Guernica Magazine

The Invisible War

Illustration by Anne Le Guern

برای نسخه ی فارسی مقاله به این لینک مراجعه کنید

An icy wind slaps my face as I step onto Rahahan (Railway) Square, one of Tehran’s busiest transit hubs. I walk by a grass field next to a rectangular pool; the train station, a wide marble building with lengthwise windows like multiple eyes, stares at me from the other end. As a child during another war — between 1980 and 1988, between Iran and Iraq — my family’s journey home, after summertime visits to relatives in Tehran, began from this place; I’d carry our bag of chicken slaw sandwiches as we ran to catch the train back to our hometown in southern Iran, where battle raged at the border. Today I pass a young trash picker, maybe thirteen, pulling himself out of a garbage bin. A mother is squatting with a child in her lap, her face covered by her navy scarf and her hand held up for alms.

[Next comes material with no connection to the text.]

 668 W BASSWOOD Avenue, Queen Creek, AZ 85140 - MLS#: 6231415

It is January of 2021, and Iran’s third COVID-19 wave has just plateaued. For months now, I’ve been trying to write a story about what it has been like for a country to experience US sanctions and a pandemic at the same time. There has been an invisible war on my country throughout my lifetime. And then there came a disease. Even as we fought live during a pandemic, we were already ravaged by an unseen conflict. Two chaoses merged.

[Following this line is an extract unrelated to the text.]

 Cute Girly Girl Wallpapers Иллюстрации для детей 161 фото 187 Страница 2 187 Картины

Today, I am looking for people who were first in the line of fire. I’ve come to the train station to meet Ms. Alizadeh*, a forty-four-year-old technician at the neonatal intensive care unit of a nearby hospital.

We see each other and say hello behind our masks. She has milky-white skin and eyes the shape of eucalyptus leaves, oval and elongated. She wears a green flower-print scarf pinned at the chin under her black chador. I’ve met her at the hospital before and know she moved to Tehran a decade ago, from a village five hours away.

When her only child was two years old, her husband was diagnosed with a chronic illness that left him unable to work, and Alizadeh became her family’s sole breadwinner. “On some days, I had nothing to feed us but dry bread and water,” she remembers. Alizadeh had to quickly devise a plan out of hunger. She looked for work at the hospital, starting out on the cleaning staff. It was immense physical labor, but it also meant that Alizadeh could afford to feed the three of them. “My money then had barkat (blessings); I could stretch it to pay for our needs,” she says.

This is no longer the case. Less than a year after the US government restored sanctions against Iran, in 2018, food prices soared. Alizadeh had to cut down beef consumption to a single kilogram a month. She chopped it into pieces the size of peas, which she put into stews. Alizadeh ate the broth and gave the meat to her husband and child, who “needed the nutrients,” she says.

They were experiencing what the economic analyst Yar Batmanghelij calls “the weaponization of inflation” — an inflation forced upon people in countries under economic blockades. Sanctions have been suffocating Iran’s sources of revenue, devaluing our currency and strangulating our economy. The most immediate impact on the street is soaring prices.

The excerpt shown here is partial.